O coração do homem começa a se turvar e o sangue do caminho passa a ser seu sangue e sua ira. Ele abandona o novelo e passa a carregar o escudo no braço. Ele sabe onde está e sabe por onde caminhar na trilha sangrenta. Quando o ódio está em seu ápice é que Teseu se depara com o Minotauro.
Não existe diálogo, preparação ou avaliação entre os adversários. O monstro é apenas o monstro irracional. O herói é apenas o monstro irracional. Os dois avançam um para o outro. A força do Minotauro parece ser insuperável. Teseu não pode contra seus avanços. Precisa escapar das investidas com muita agilidade. Precisa não se desviar demais, não fugir. Precisa arquear o corpo ligeiramente para o lado, uma passada fugaz e assistir a imensidão furiosa avançar. Eles se cruzam uma, duas vezes, sem que qualquer um se toque. Então, na terceira investida, a espada atinge o flanco do minotauro, que vacila.
Entre o conhecer e o negar da dor, ele se ergue, ainda mais furioso e ataca outra vez. Seu descontrole é a arma de Teseu. Um novo passo para o lado e uma nova estocada. O grande touro se ajoelha e urra.

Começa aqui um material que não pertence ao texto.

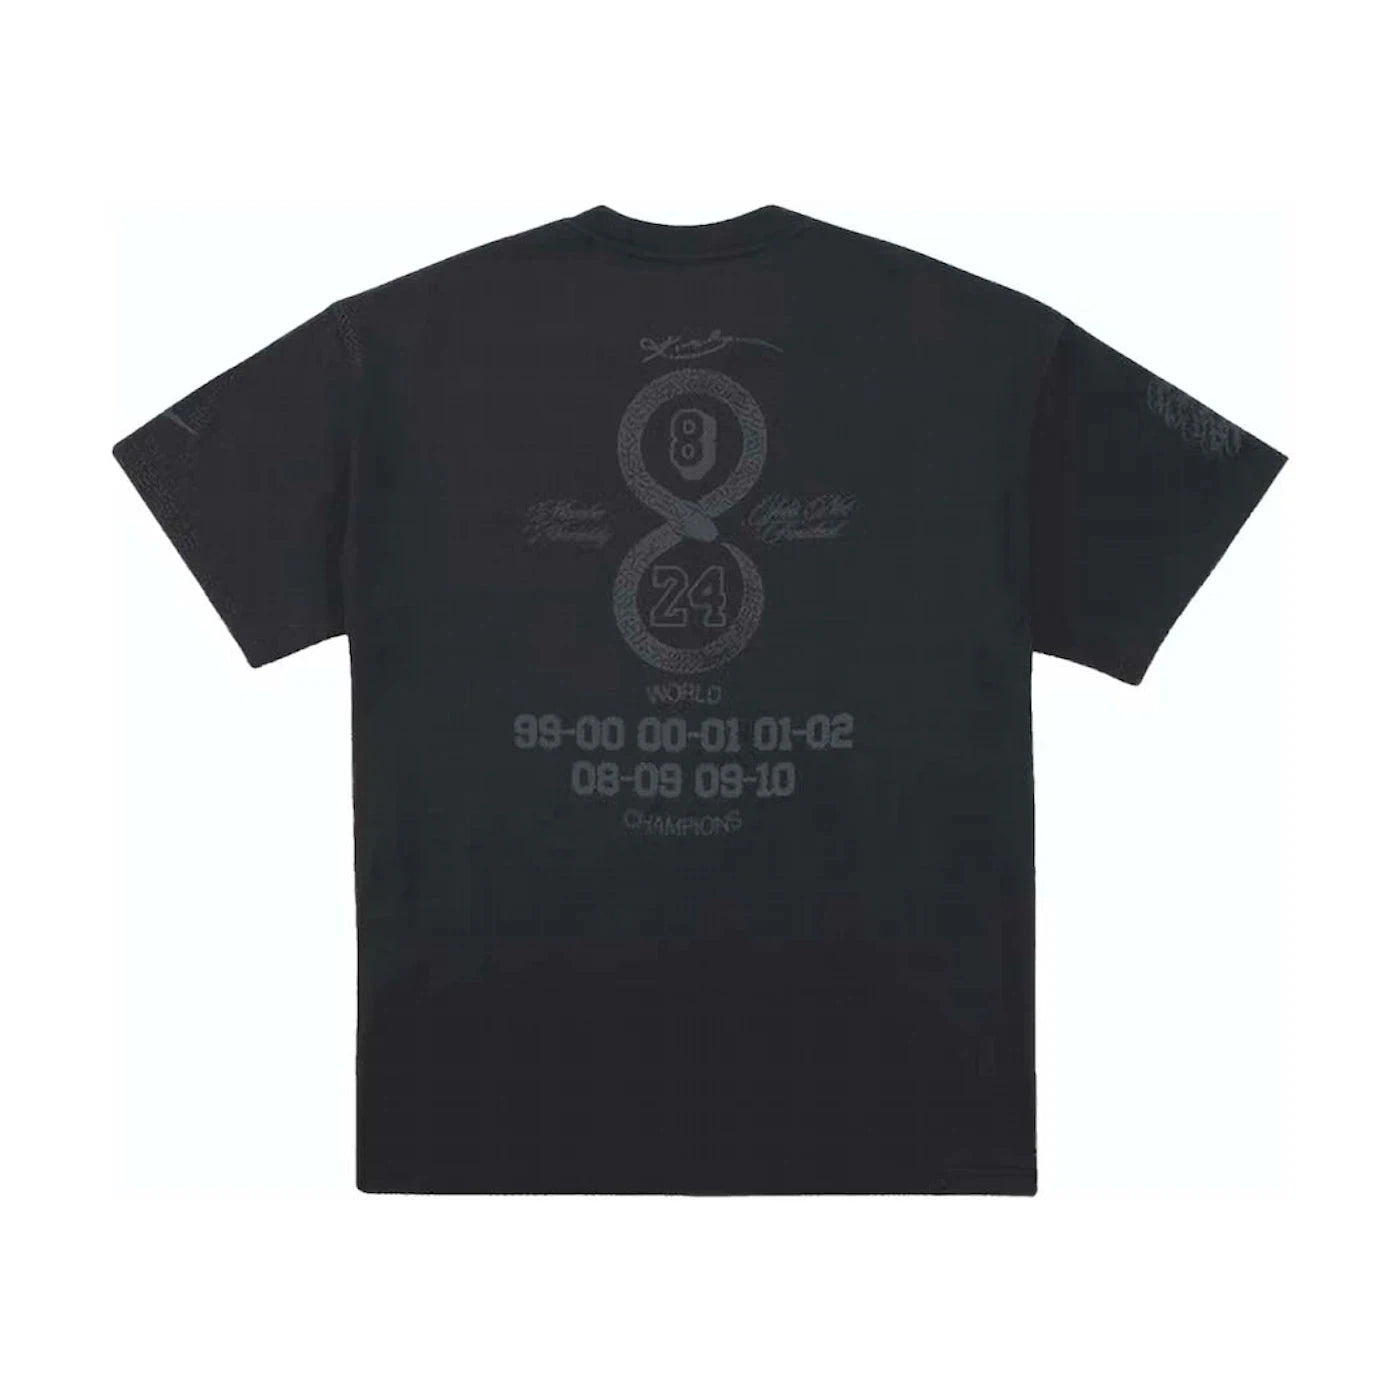 Nike - Kobe Mamba Mentality T-Shirt
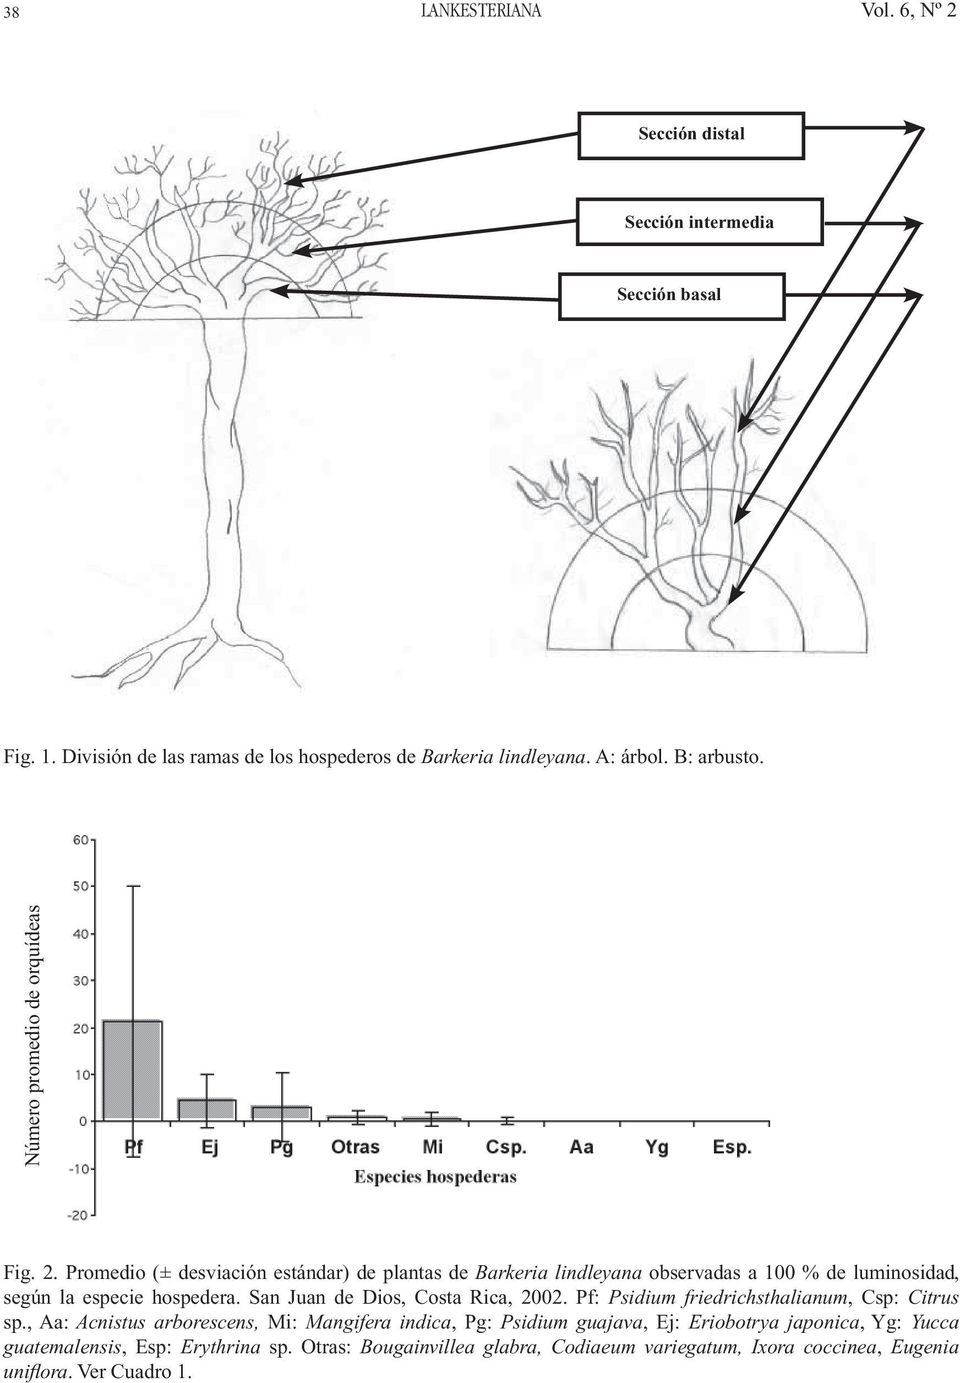 Promedio (± desviación estándar) de plantas de Barkeria lindleyana observadas a 100 % de luminosidad, según la especie hospedera.

Tomado pela coragem e crueldade, Teseu avança e levanta o rosto do touro, exibindo seu pescoço. A lâmina atravessa a garganta do Minotauro e seu olhos se tornam opacos, enquanto se contorce o grande corpo. O homem banhado em sangue sobrepujou o monstro, tornando-se (clichê dos clichês) um monstro, ele mesmo. Ele é o grande touro de Minos, que pode vagar livremente pra dentro e pra fora do labirinto e de si.
Ariadne o aguarda. A culpa é toda dela.